→ **WHAT THE EXERCISE ASKS**:
Your copy of the listing should be exact and should contain no pictures.

→ **DATA EXCERPT**:
== Segment start ==

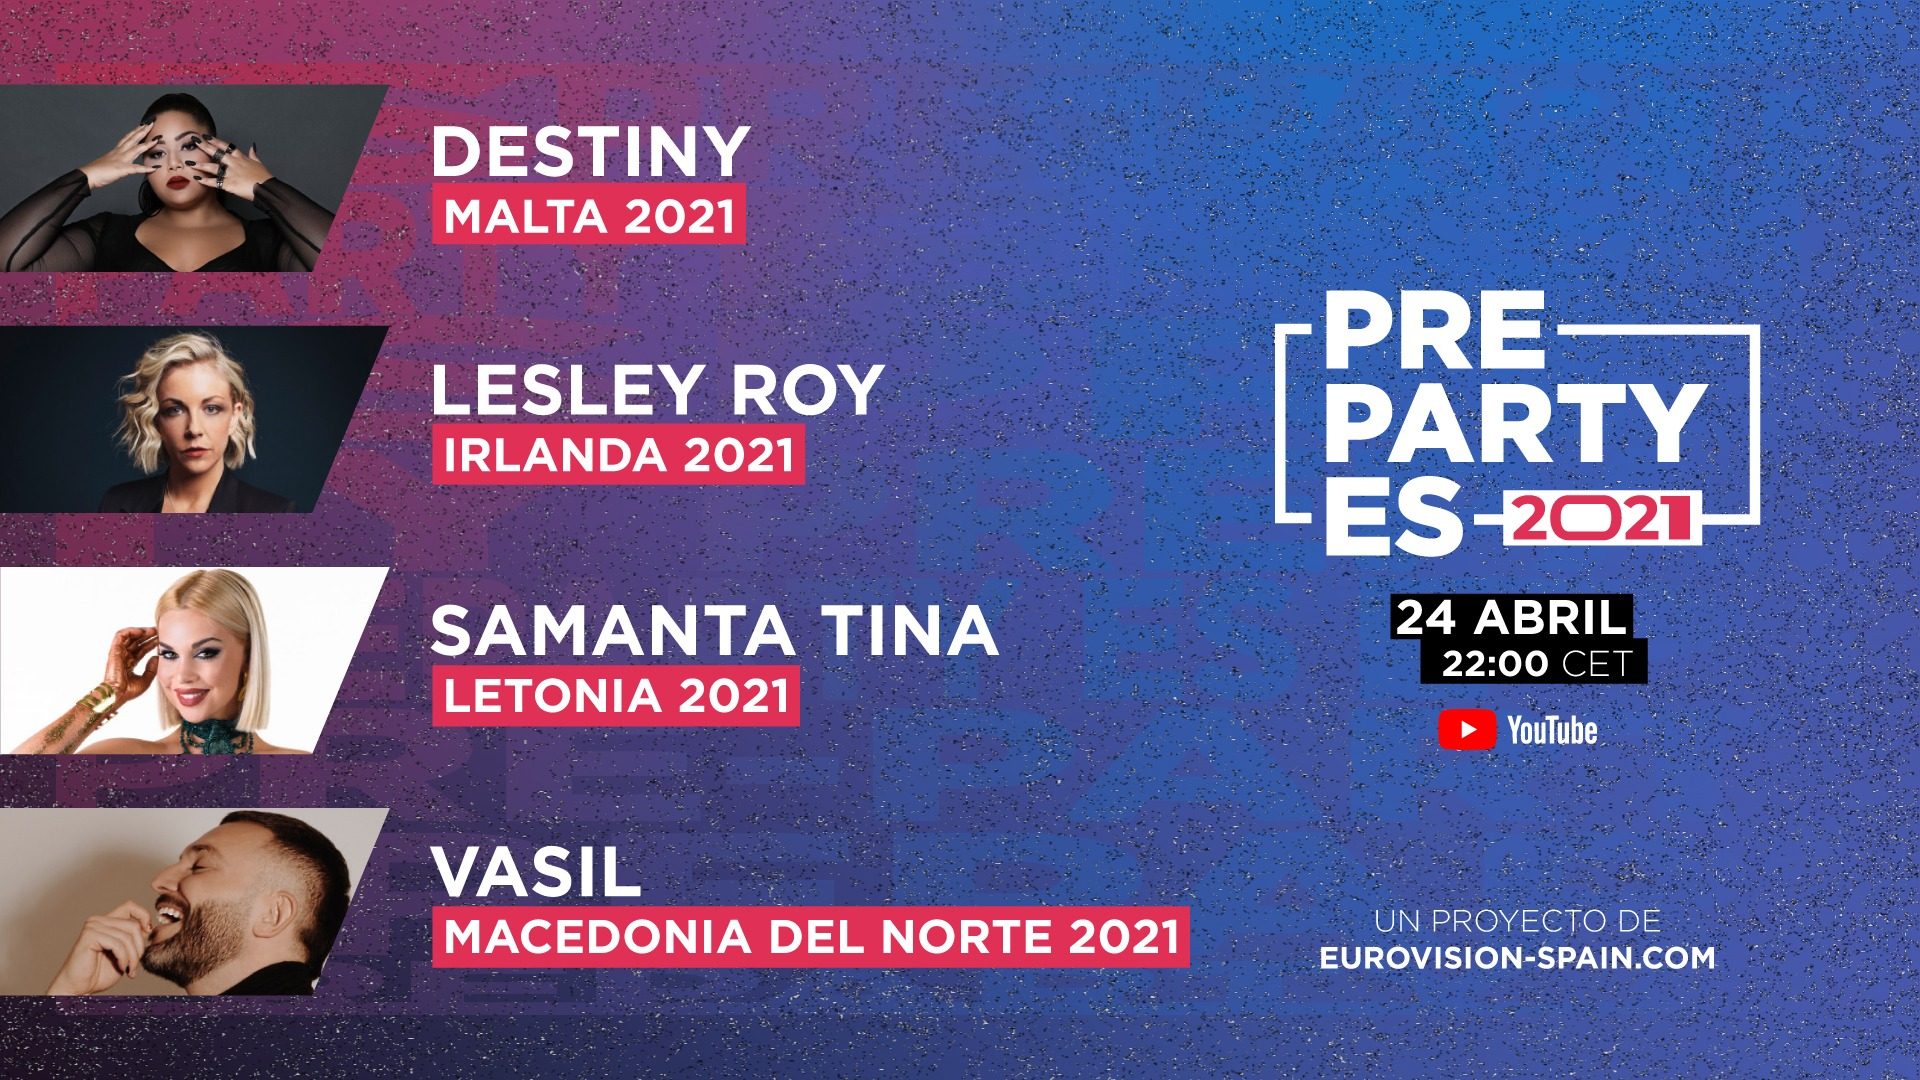 Destiny, Lesley Roy, Samanta Tina y Vasil actuarán en la PrePartyES 2021, que alcanza ya los 12 países participantes
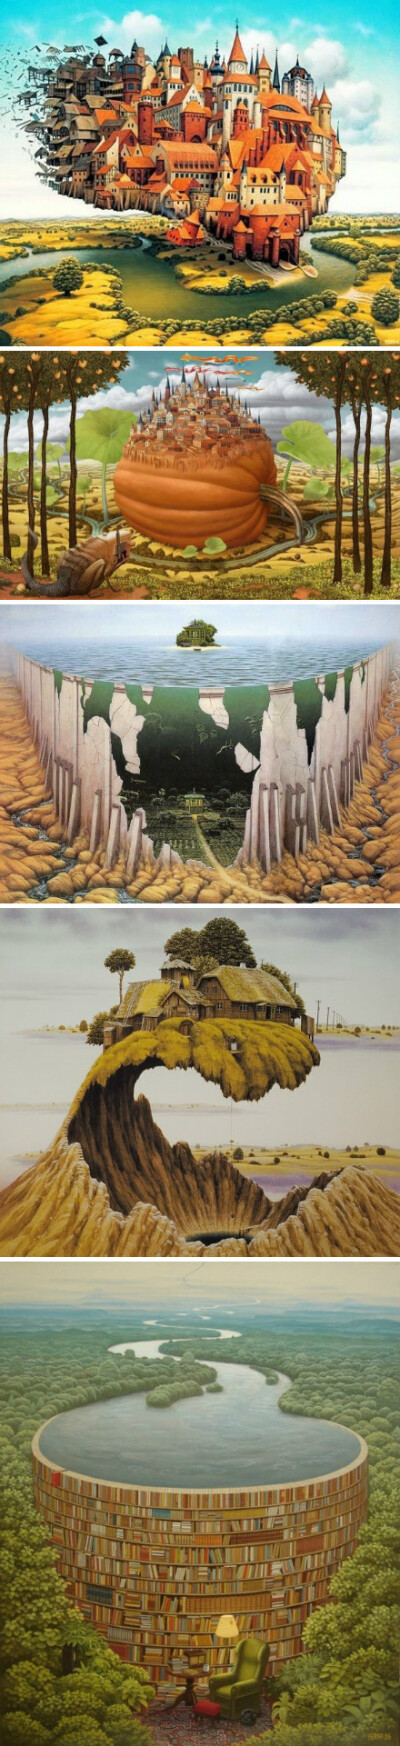 波兰超现实主义画家Jacek Yerka的几幅作品
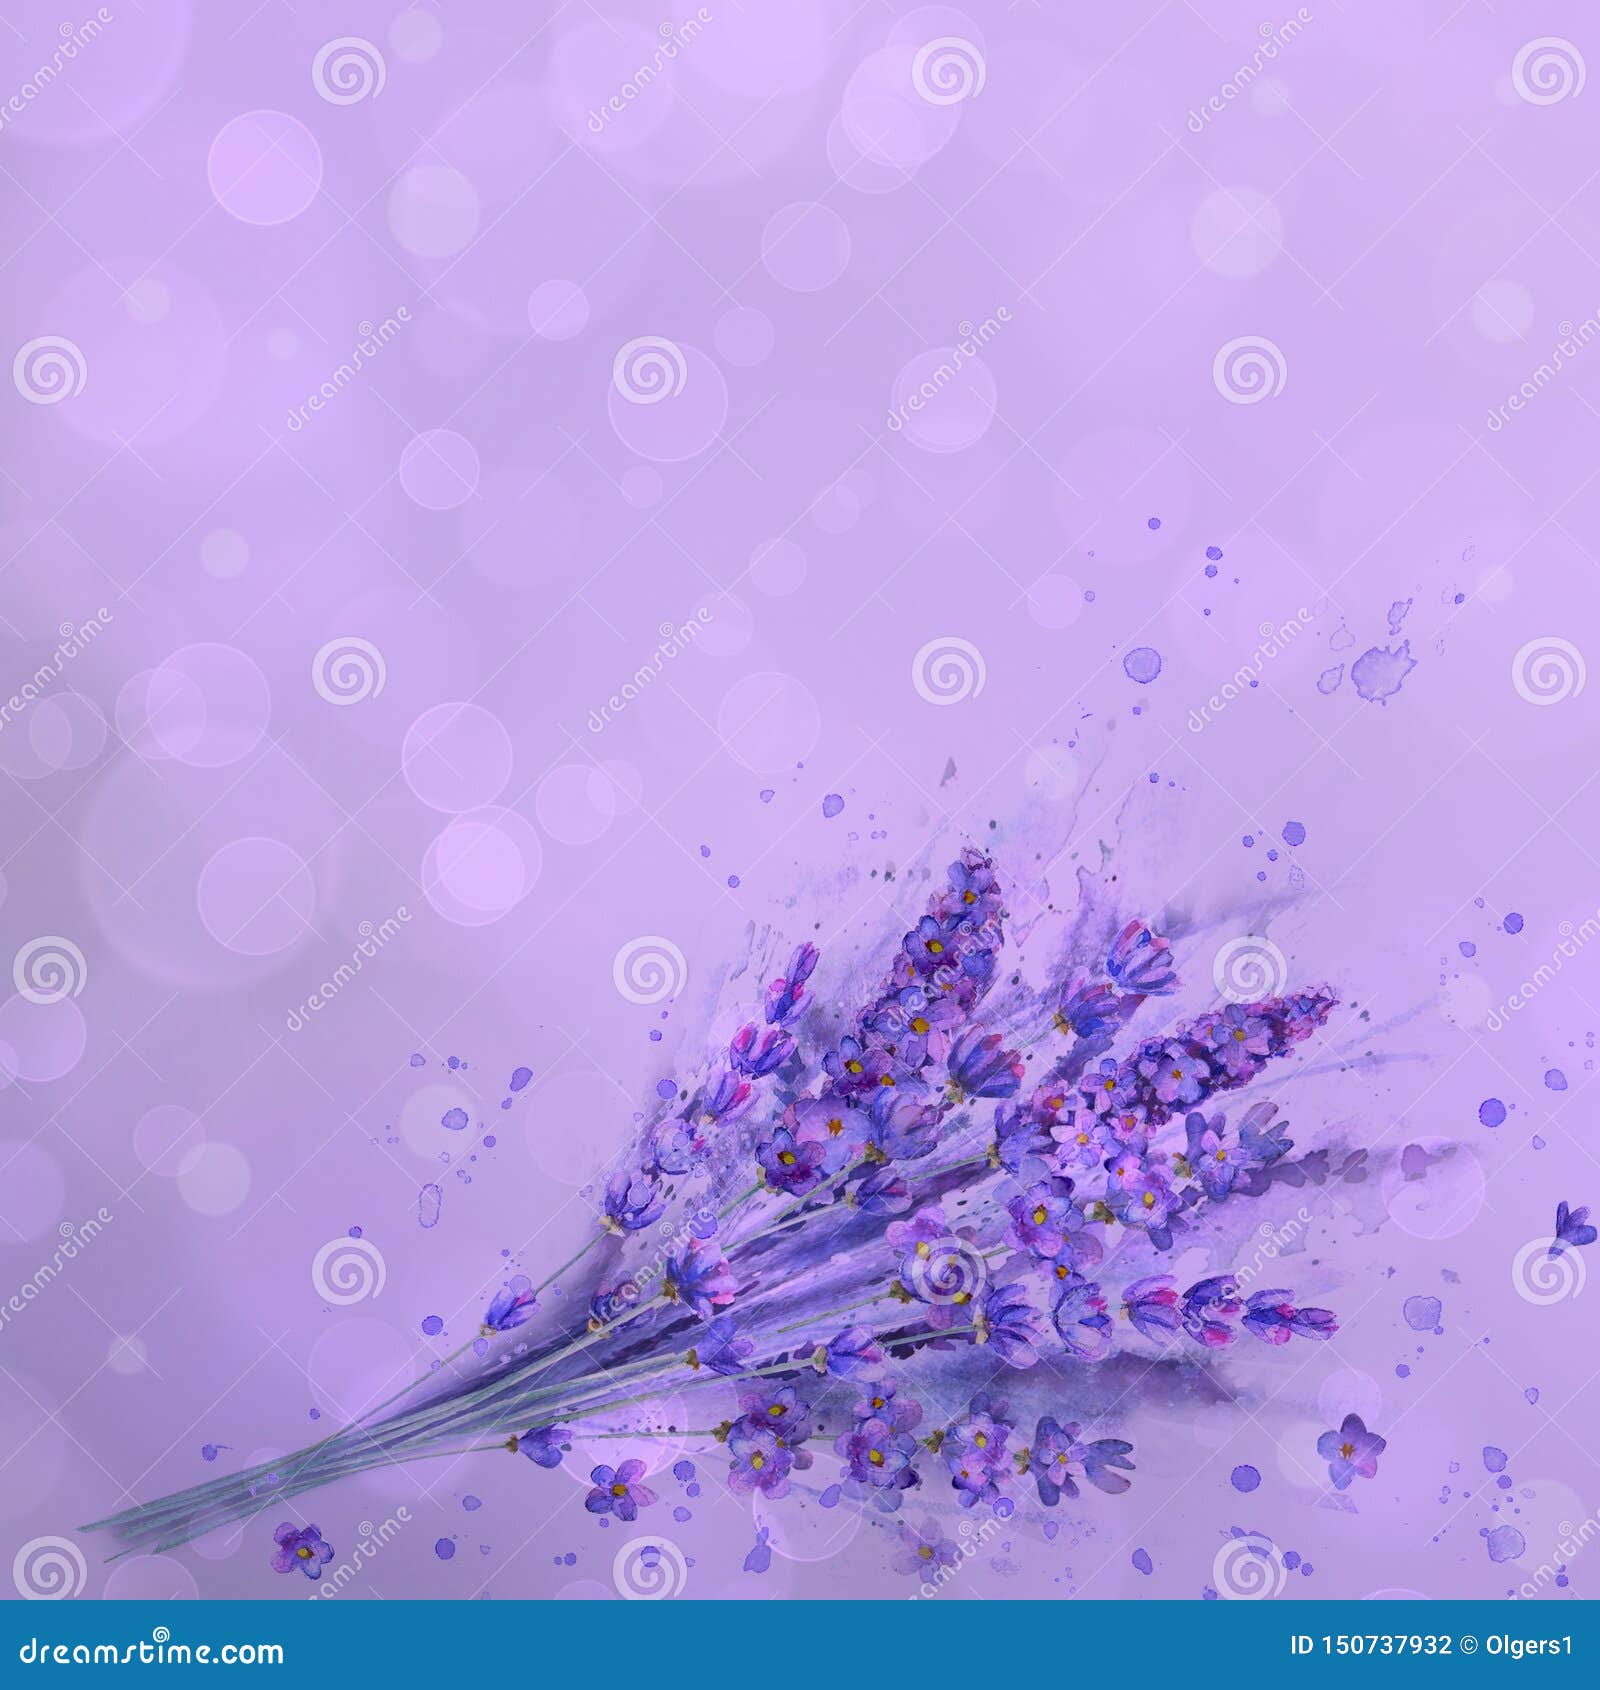 Watercolor Lavender Bouquet. Lavender Flowers, Watercolour Splashes On

== Segment end ==

→ **ANSWER SPACE**:
 Destiny, Lesley Roy, Samanta Tina y Vasil actuarán en la PrePartyES 2021, que alcanza ya los 12 países participantes
 波兰超现实主义画家Jacek Yerka的几幅作品
 Watercolor Lavender Bouquet. Lavender Flowers, Watercolour Splashes On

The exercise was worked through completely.